(Source data)

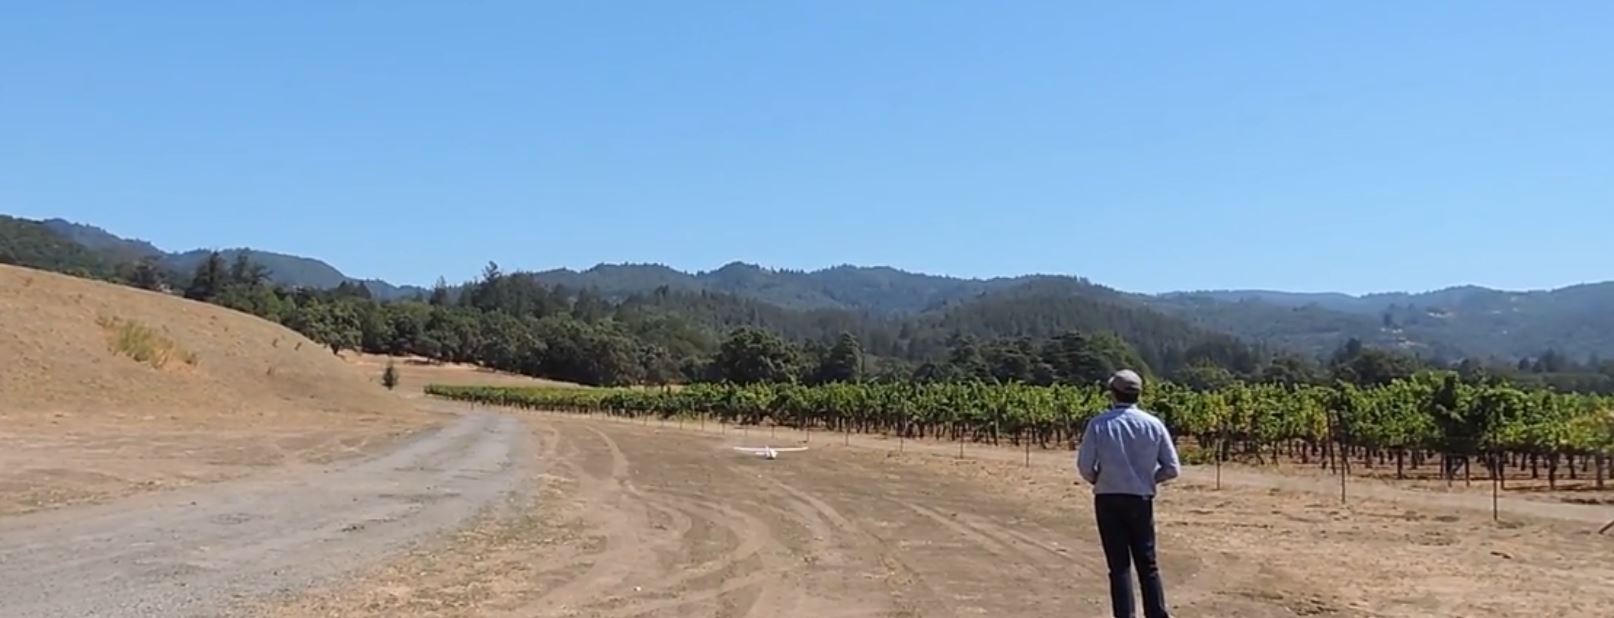 Le drone au secours des viticulteurs
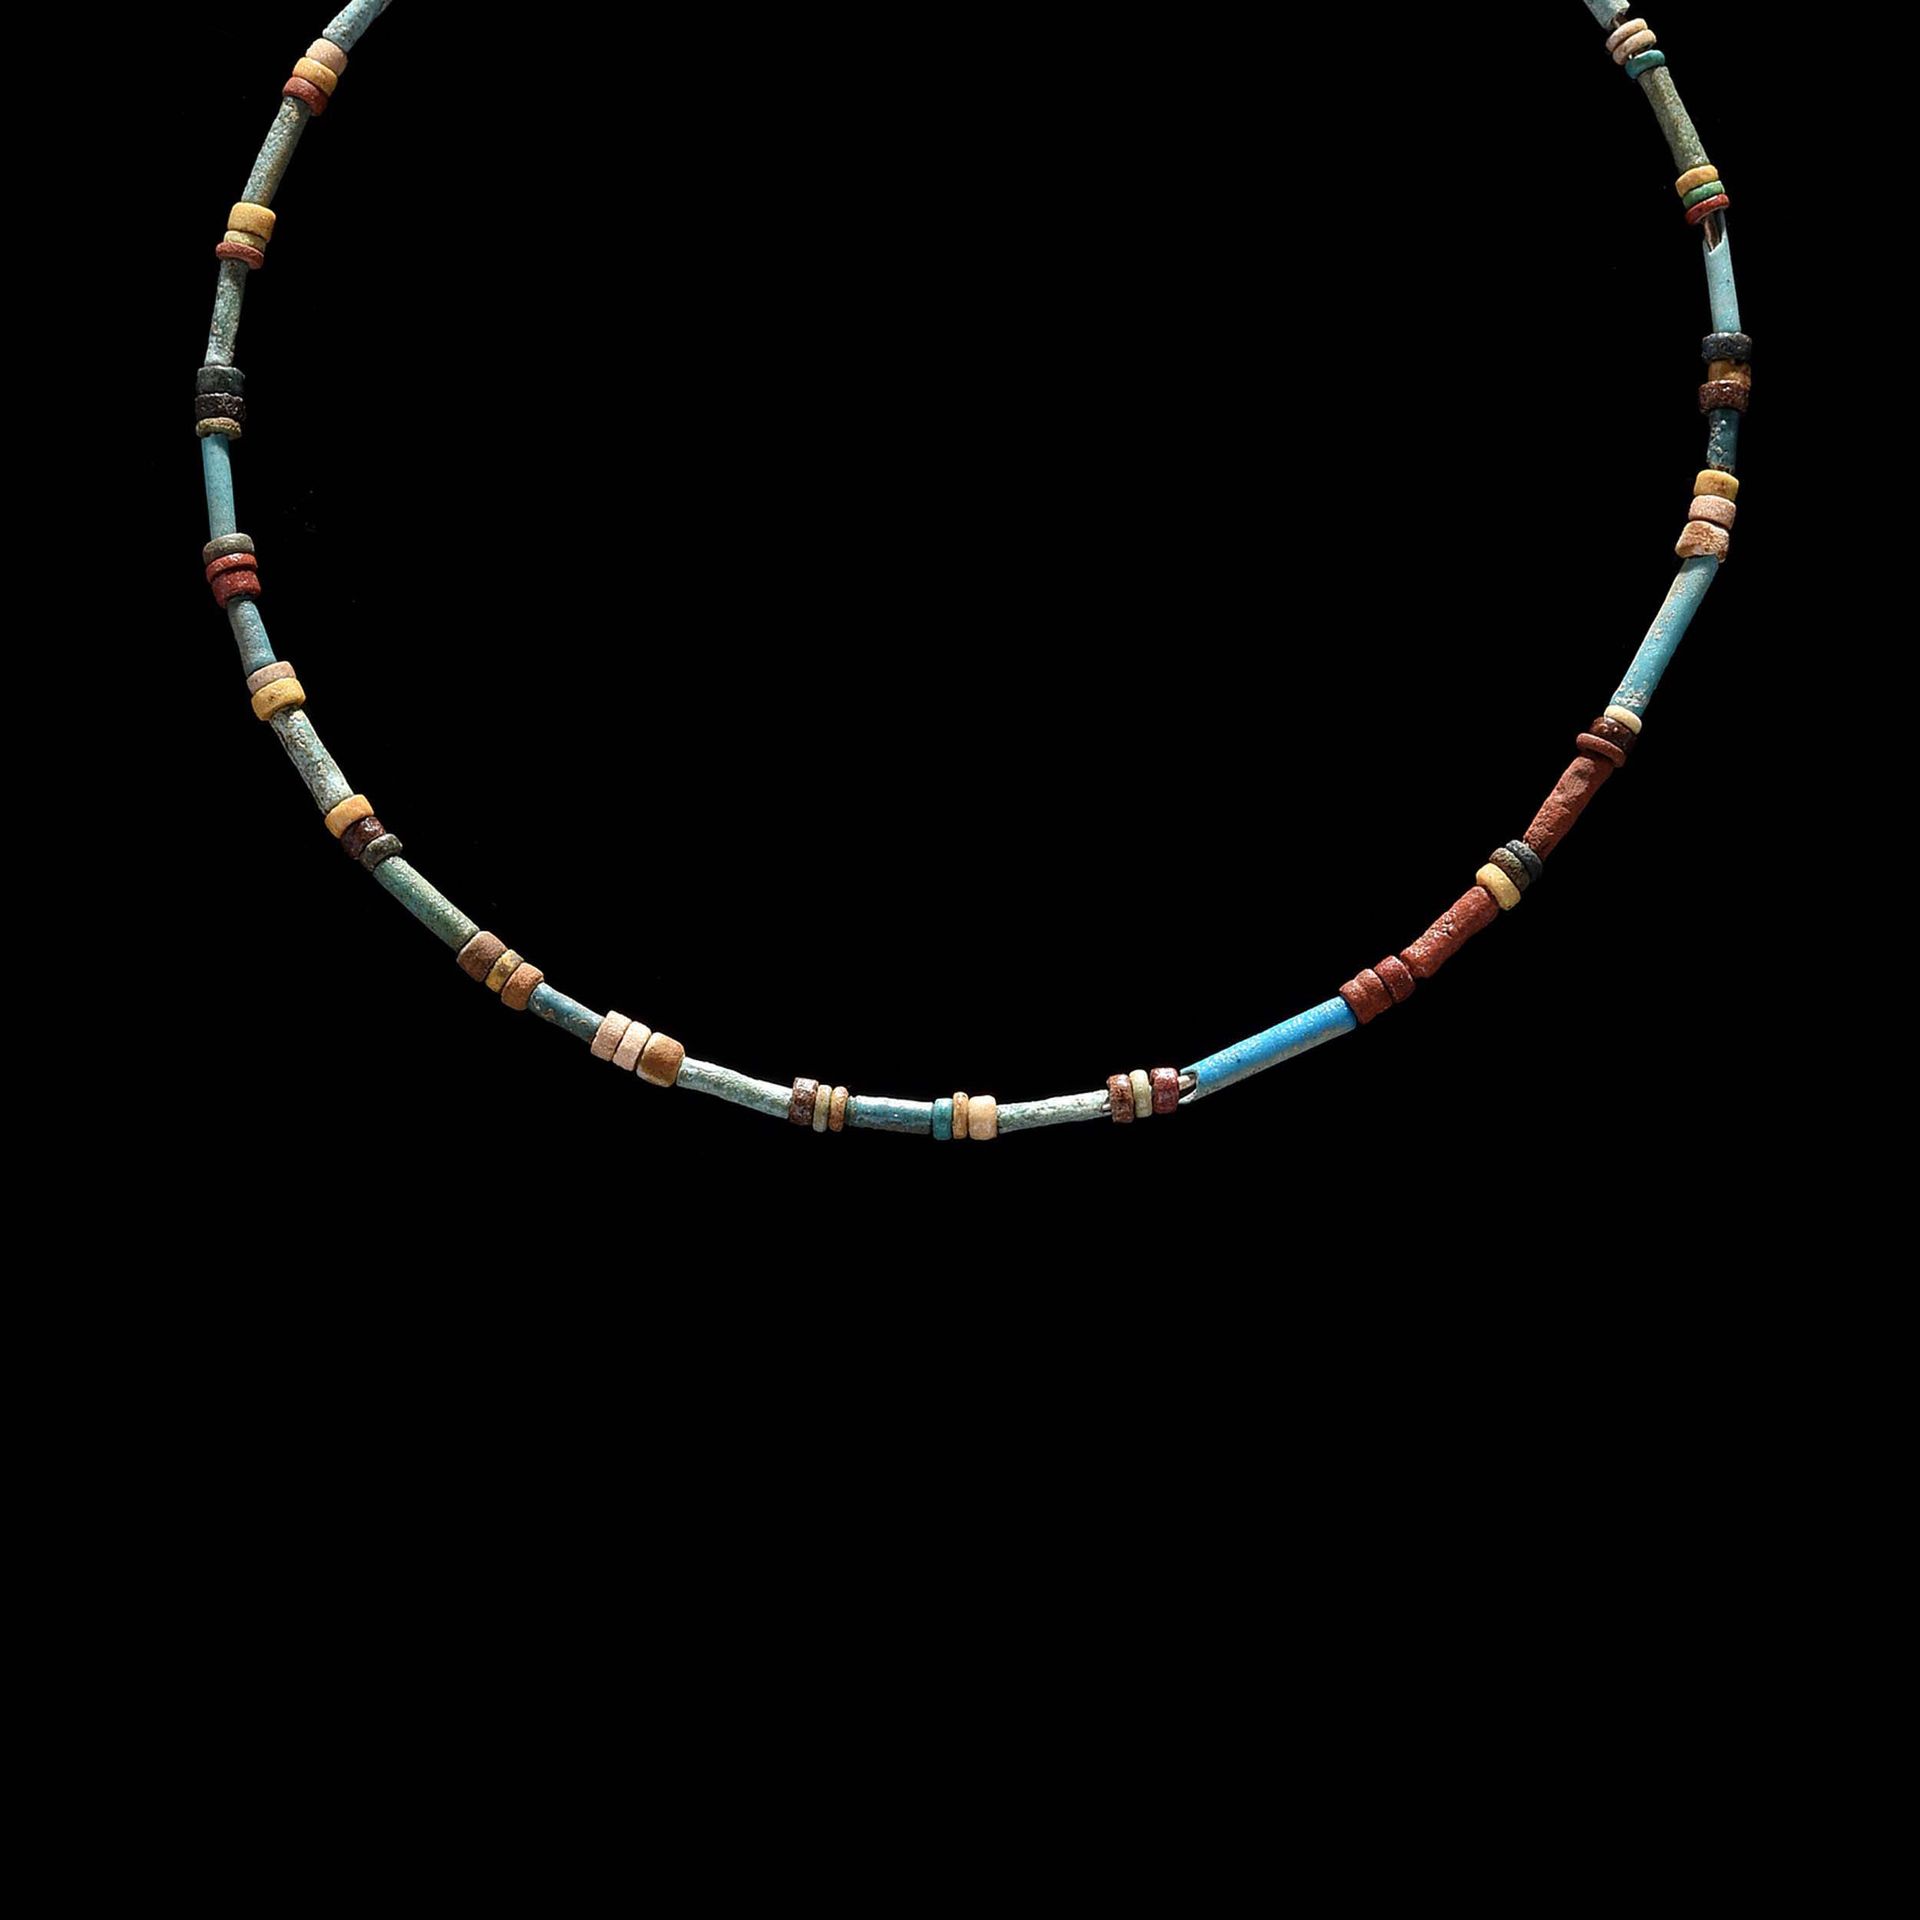 Null 项链



由一排五颜六色的陶制珠子组成。

出处

私人收藏，1990年11月12日在戛纳的一家画廊购买
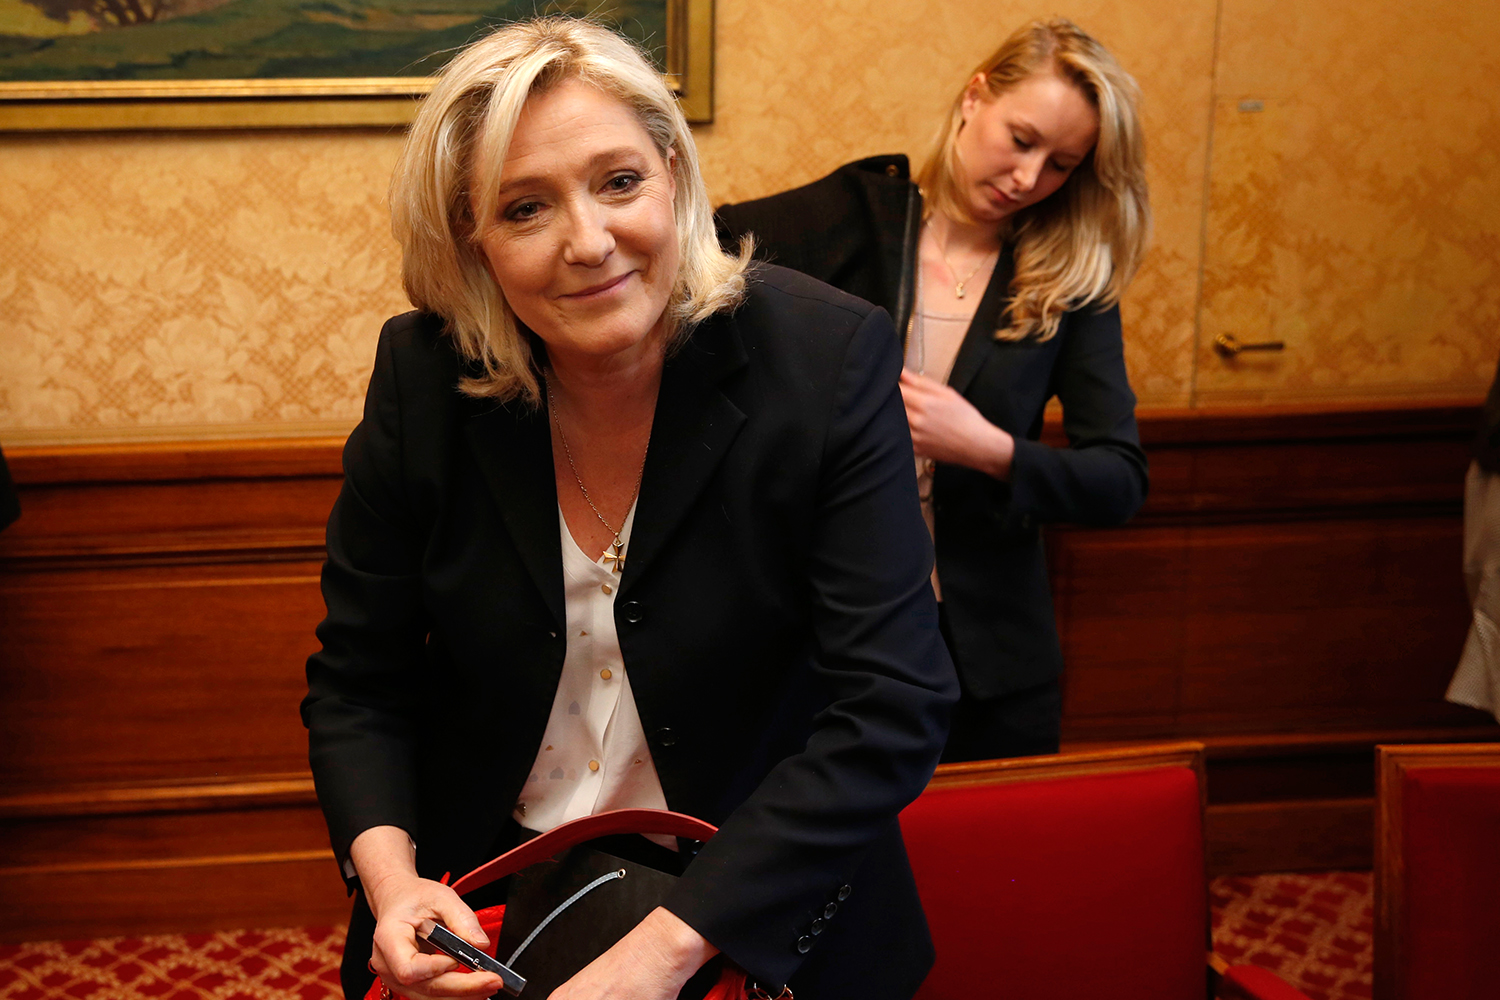 El 45% de los jóvenes quiere a Le Pen: la encuesta que ha desatado la polémica en Francia

WORK INSTRUCTIONS: Once the pictures are set aside, write out each record exactly.

FINISHED EXERCISE:
 Le drone au secours des viticulteurs
 Null 项链



由一排五颜六色的陶制珠子组成。

出处

私人收藏，1990年11月12日在戛纳的一家画廊购买
 El 45% de los jóvenes quiere a Le Pen: la encuesta que ha desatado la polémica en Francia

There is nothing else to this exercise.